In short, the game is a streamlined, confrontational worker placement game filled with murder and intrigue. In long, you play as competing mafia families who are vying for economic control of the organized crime networks of New York City, deploying your thugs, your don, your wife, and your heir on the board to shake down businesses and engage in area-control turf wars.
Money, rackets, contracts, and special advantages (such as the union boss) are represented by cards in your hand, and your hand size is limited, with you choosing which extra cards to pay tribute to the don at the end of each of the five rounds. At the end of the game, though, cash is all that matters, and whoever has the most money wins.

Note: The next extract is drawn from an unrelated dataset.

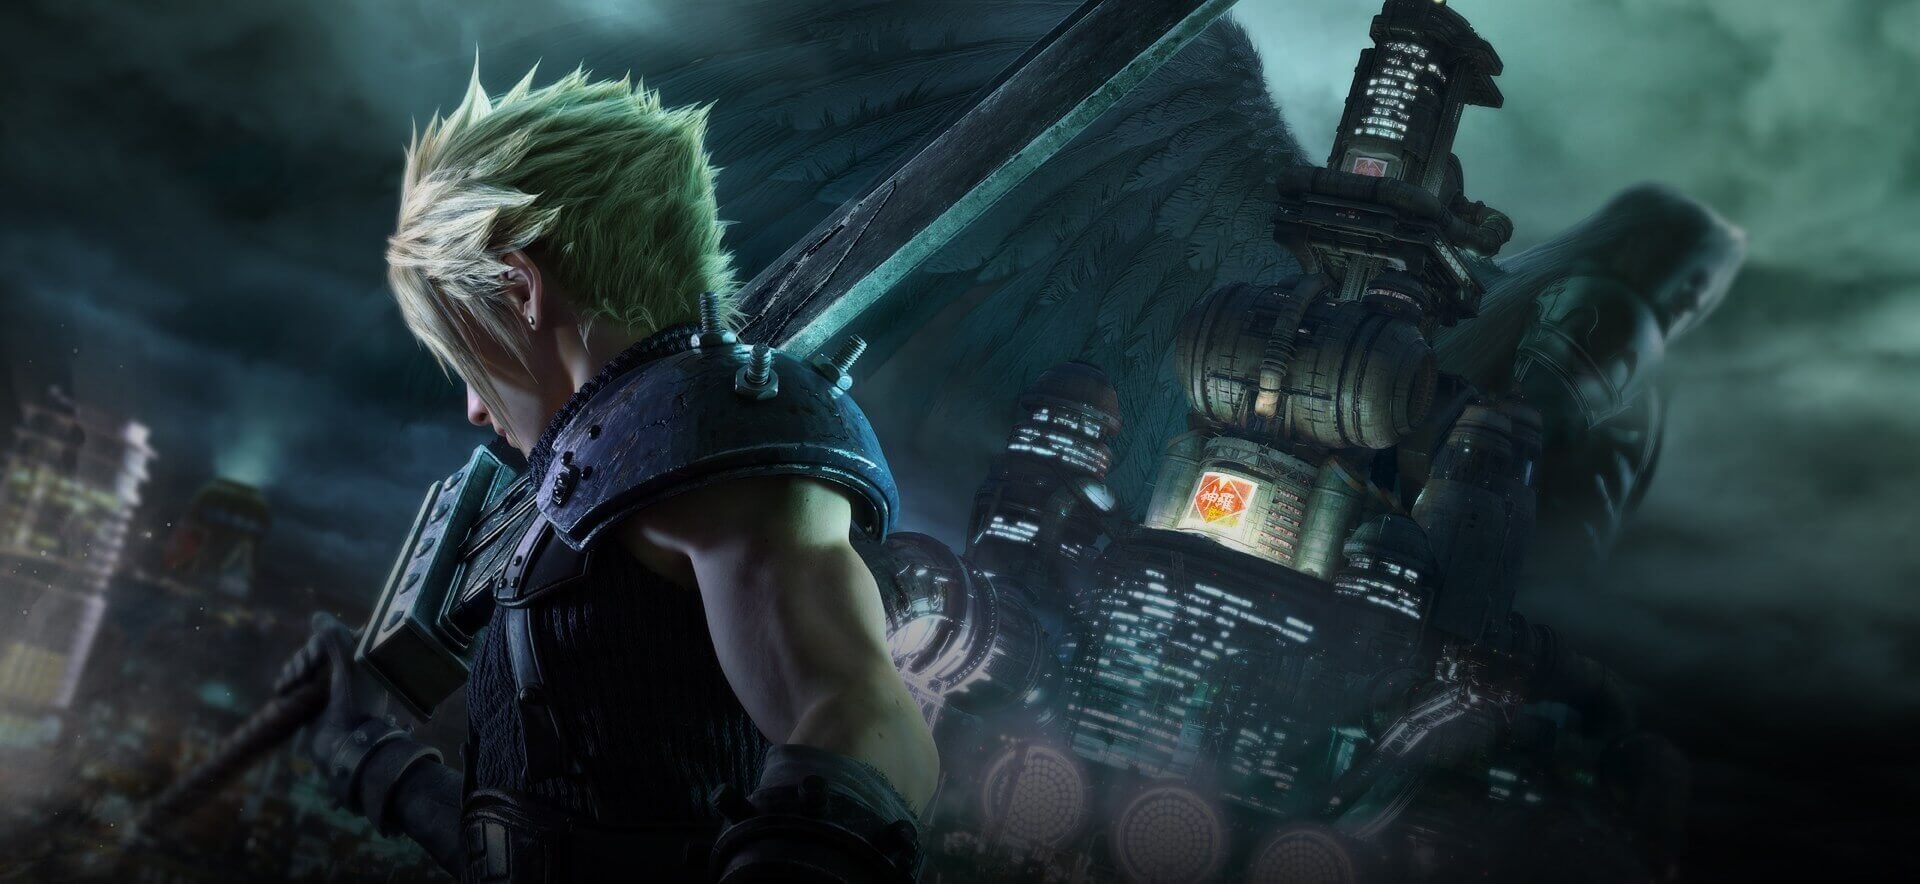 Final Fantasy VII Remake theme song trailer features cross-dressing Cloud
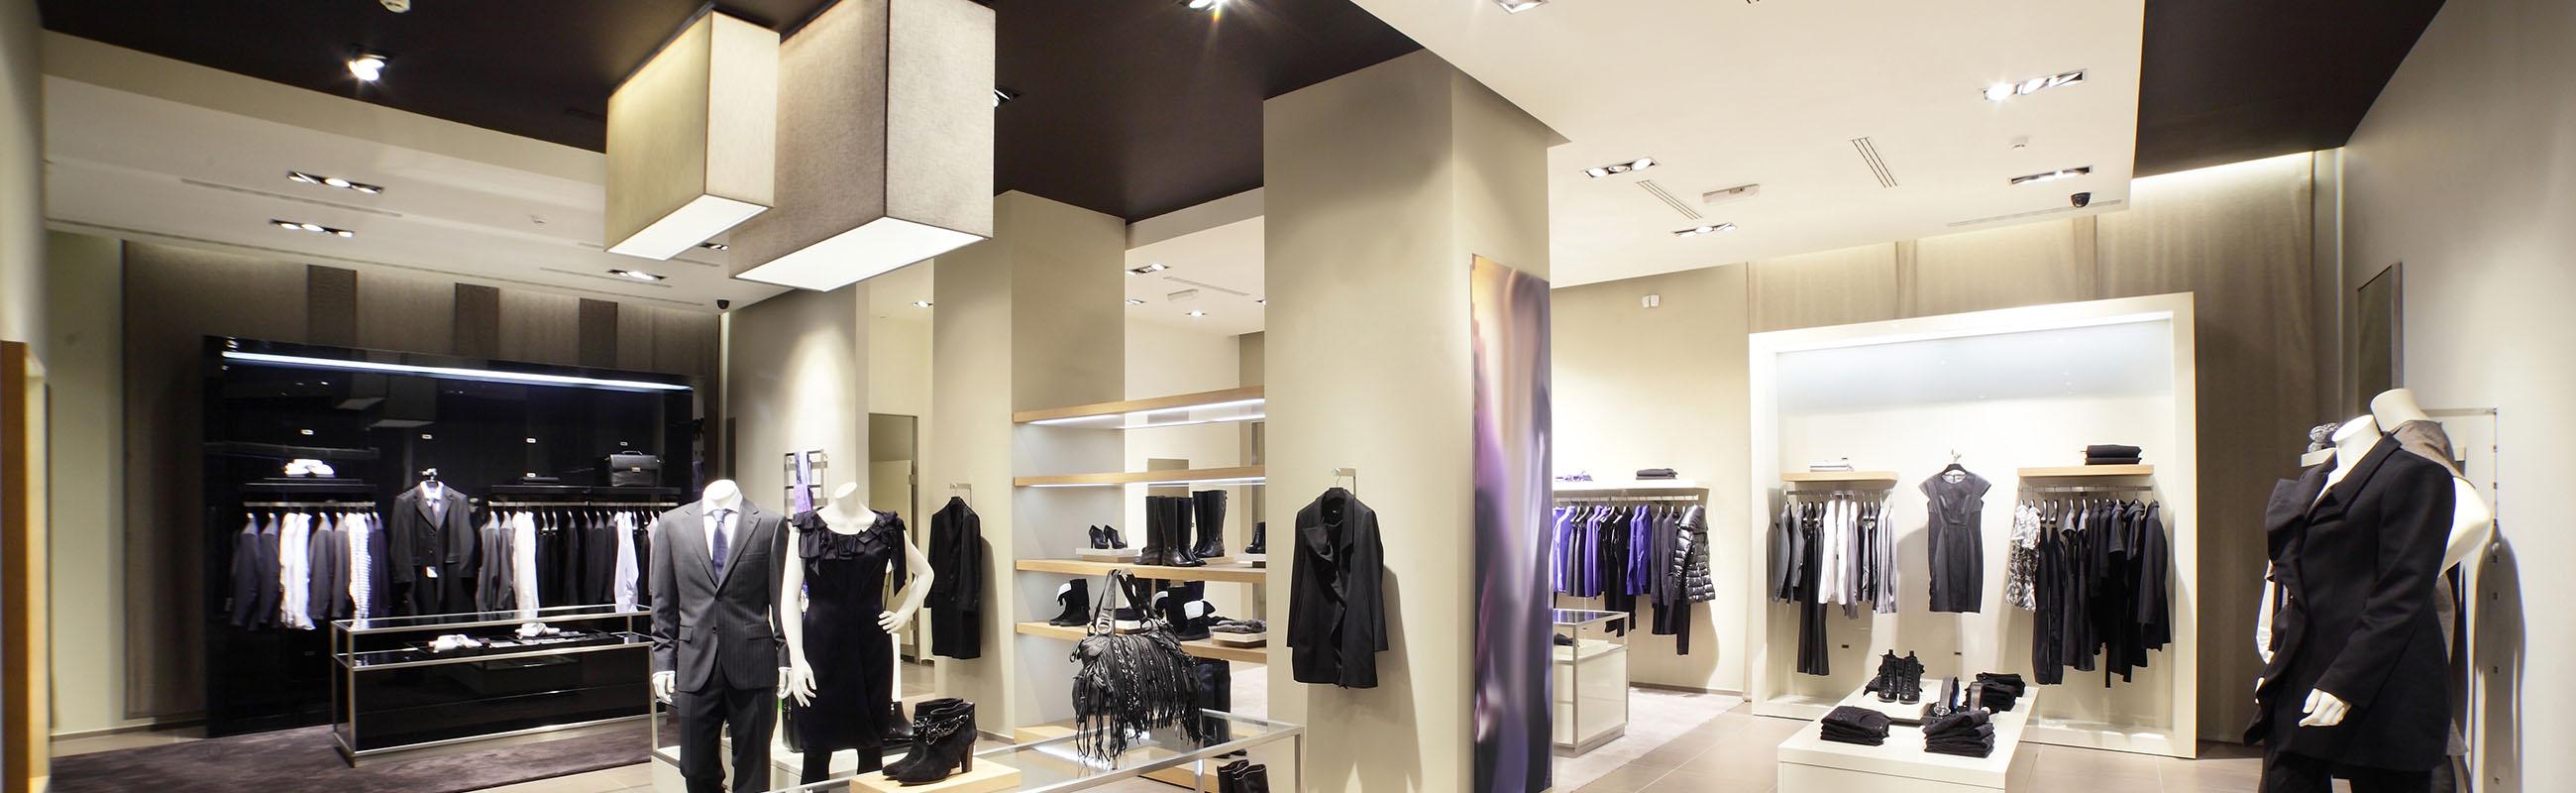 Lighting for retail units

The game also features drive-by shootings in which enemy tokens are removed from the board and placed face-down in the river. The don of that family member must play cards to fish their guys out of the river and return them to duty on the New York battlefield.
• The third title in this trilogy is The Godfather: A New Don, another IDW/Pandasaurus title with Jay Cormier and Sen-Foong Lim providing the design. Here's a summary of gameplay:
In more detail, this design is an area control board game with unique dice mechanisms. Each round, players roll their individual pools of dice, then decide what area of the city they want to focus on trying to capture. Meanwhile, the current Don is able to make players an offer they can't refuse and steal dice from their limited supply. Staying on top proves difficult as every stolen die moves other players up the ladder toward taking over as Don, so the tension rises with each shake of the dice.
With multiple ways to use each die you roll, players never find themselves at the mercy of the dice, instead using what they roll to make their opponents beg for mercy.